First post to the forum, sorry I'm new at this:
I inherited a BED file which has 32-length barcodes.
1) The first 8 digits are the cell's unique code
2) The next 8 match an entry from one of three sets (either 7a, 7b or 7c)
3) The next 8 digits are also a part of the cells unique code
4) The last 8 digits match one of two sets (5a or 5b)
We have six technical replicates that are defined as some combination of a 7x and a 5x code.
I did a lot of analysis with this data in Signac/Seurat this summer; I was given a filtered Seurat object to work with. Now, I'm trying to re-do the QC (most importantly, re-do the doublet analysis), and I should input the data as a separate BED file for each of the six technical replicates. This is my first time having access to the original BED file.

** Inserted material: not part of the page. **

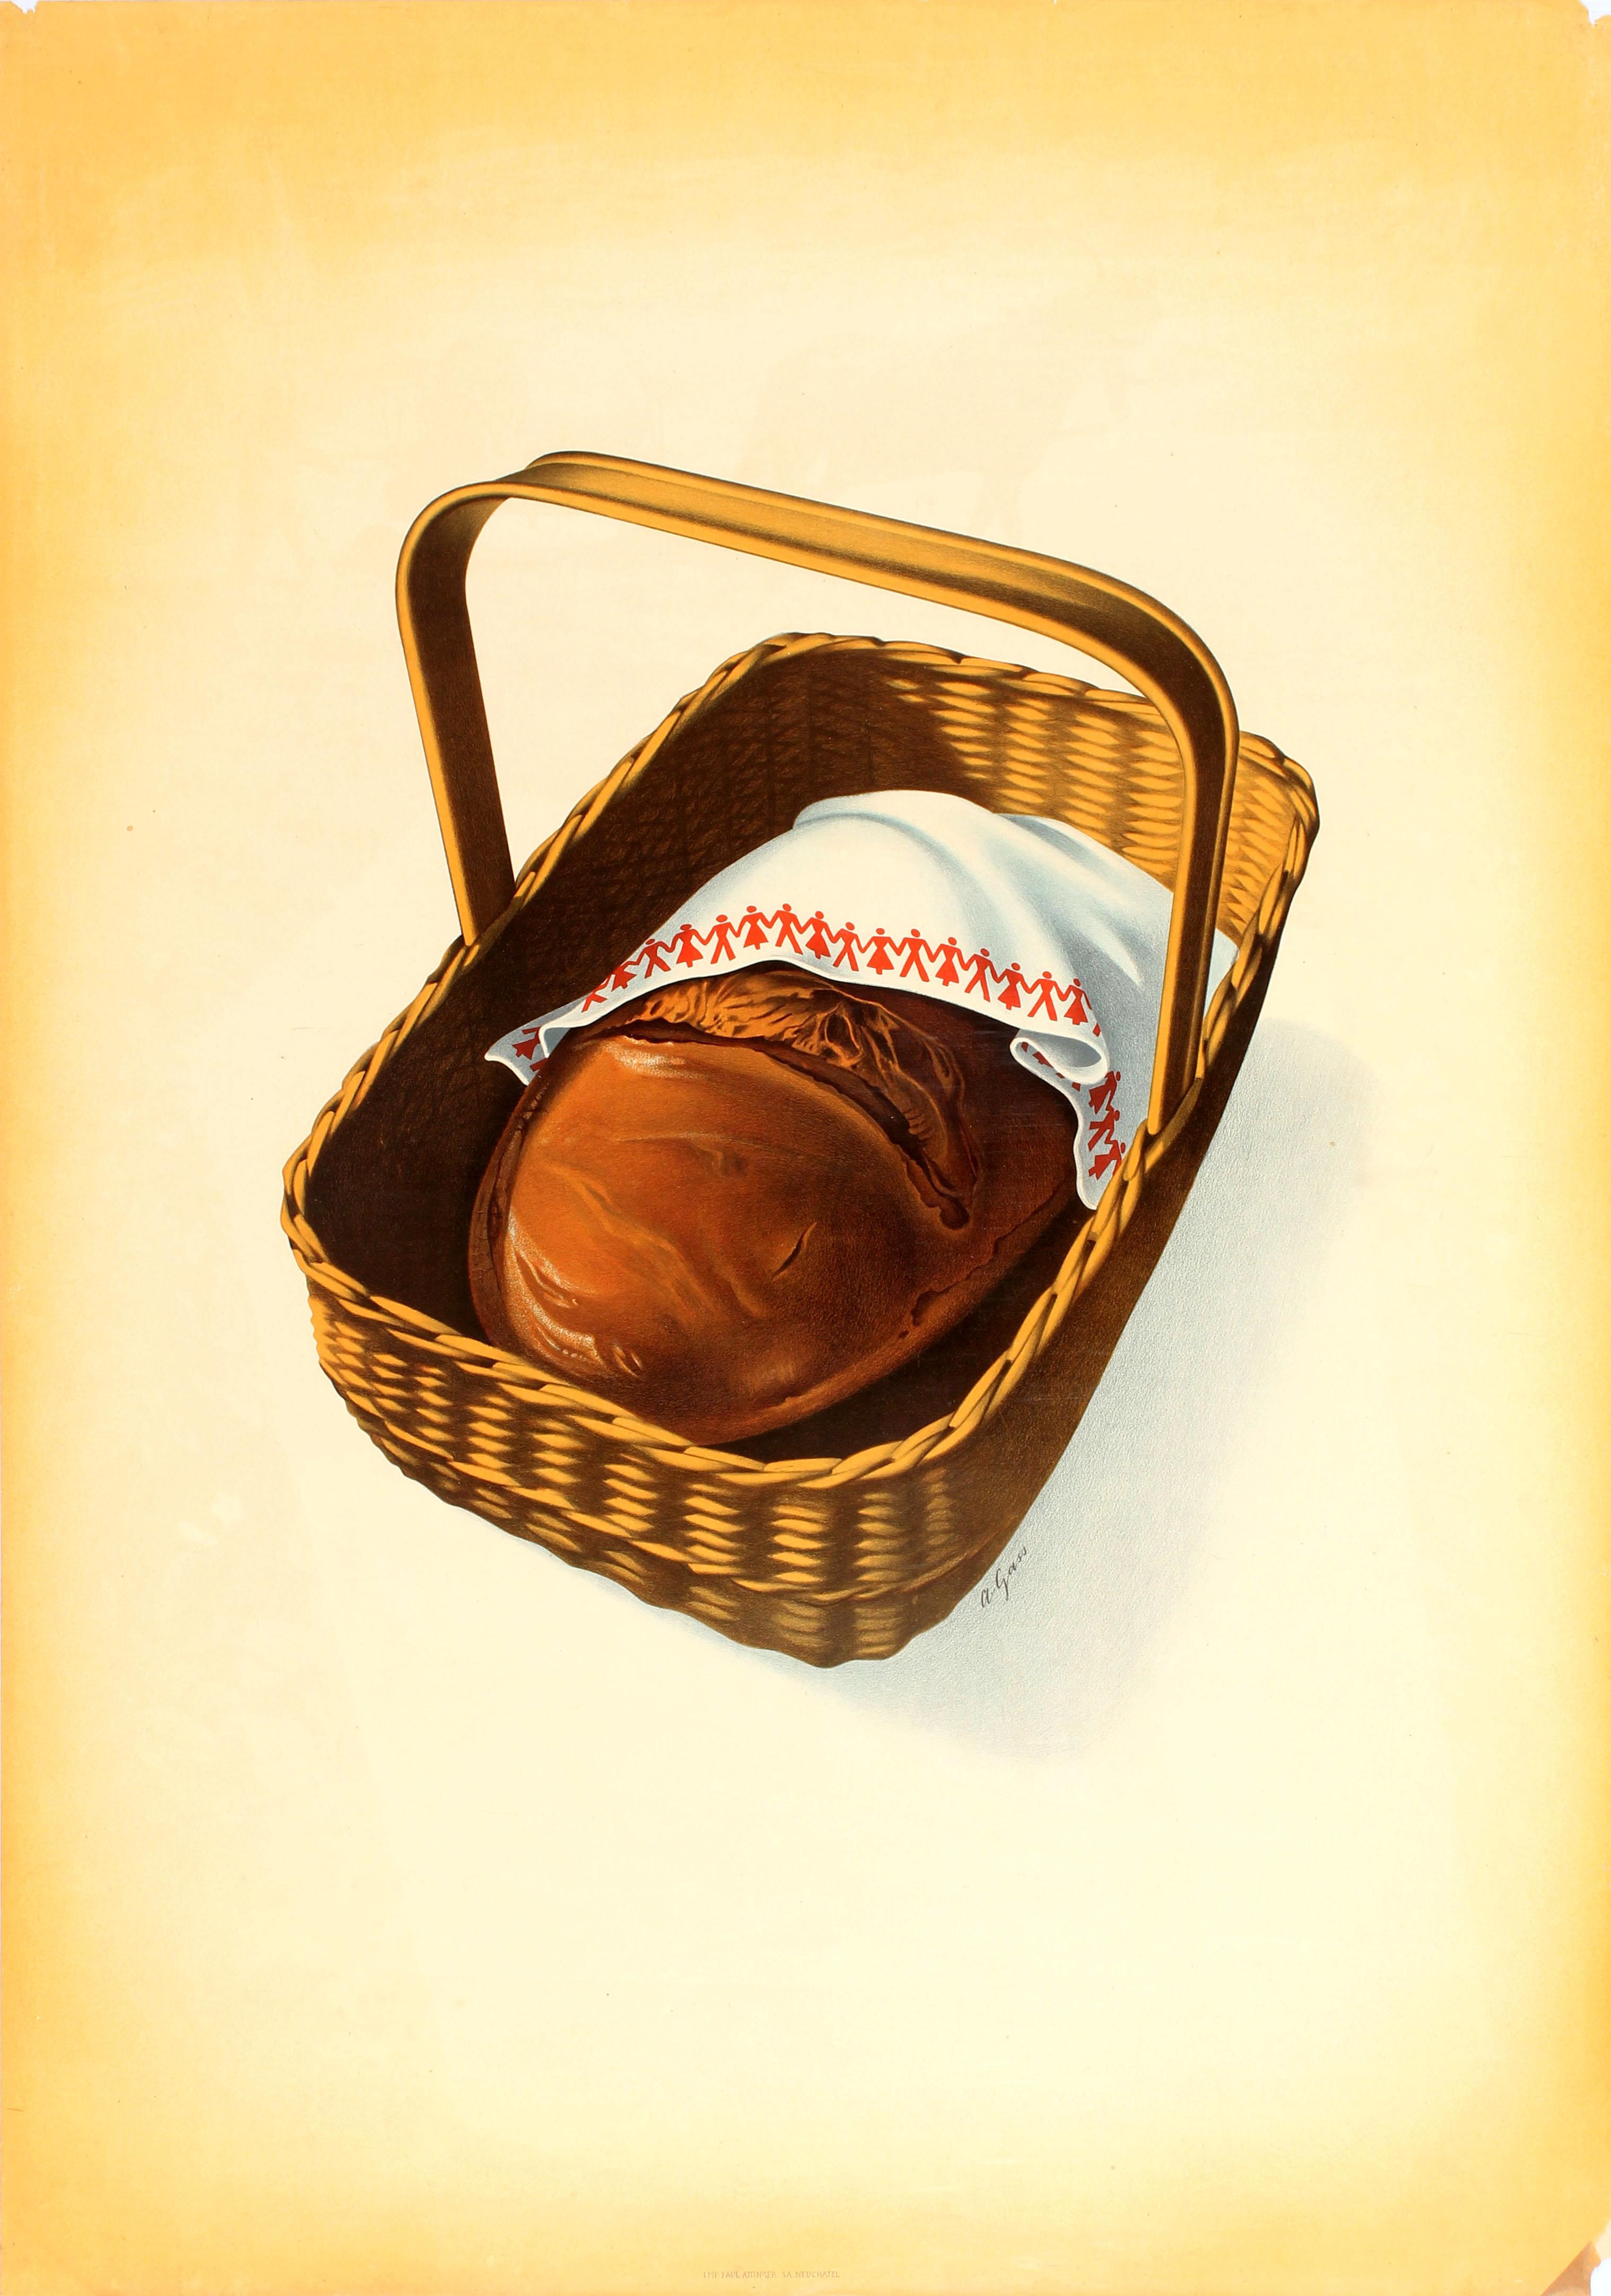 Advertising Poster Coop Switzerland Bread Picnic Basket

I have a lot of the barcodes in my Seurat object but because of filtering it doesn't have all of them. I have a simple script that sorts the barcodes into one of the six technical replicates, but I don't have a list of all the barcodes in the BED file (I'm starting to realize this is usually given separately, but I didn't inherit it).
So I guess my question is whether there is a way to do this filtering entirely in terminal (easily) and/or if there is an easy way to extract all the unique barcodes from a BAM or BED file. [After extracting the barcodes, I know how to make 6 whitelists (.csv) and then split using sinto].
My data looks like this:
chr1 10126 10175 ATTCAGAAAAGAGGCAACGTCCTGTCTTACGC 1 chr1 10150 10180 ATTACTCGAACCAGGTAGGATAGGCTCCTTAC 1 chr1 10151 10192 GAGATTCCCGTATAGAAGGATAGGACTCTAGG 1
Oh, is it space delimited rather than tab delimited? I also forgot to throw a sort in there. Can you try:
cut -f4 -d" " your_file.bed | sort | uniq > output.txt
uniq -cwill also give the counts for each barcode if that's of interest.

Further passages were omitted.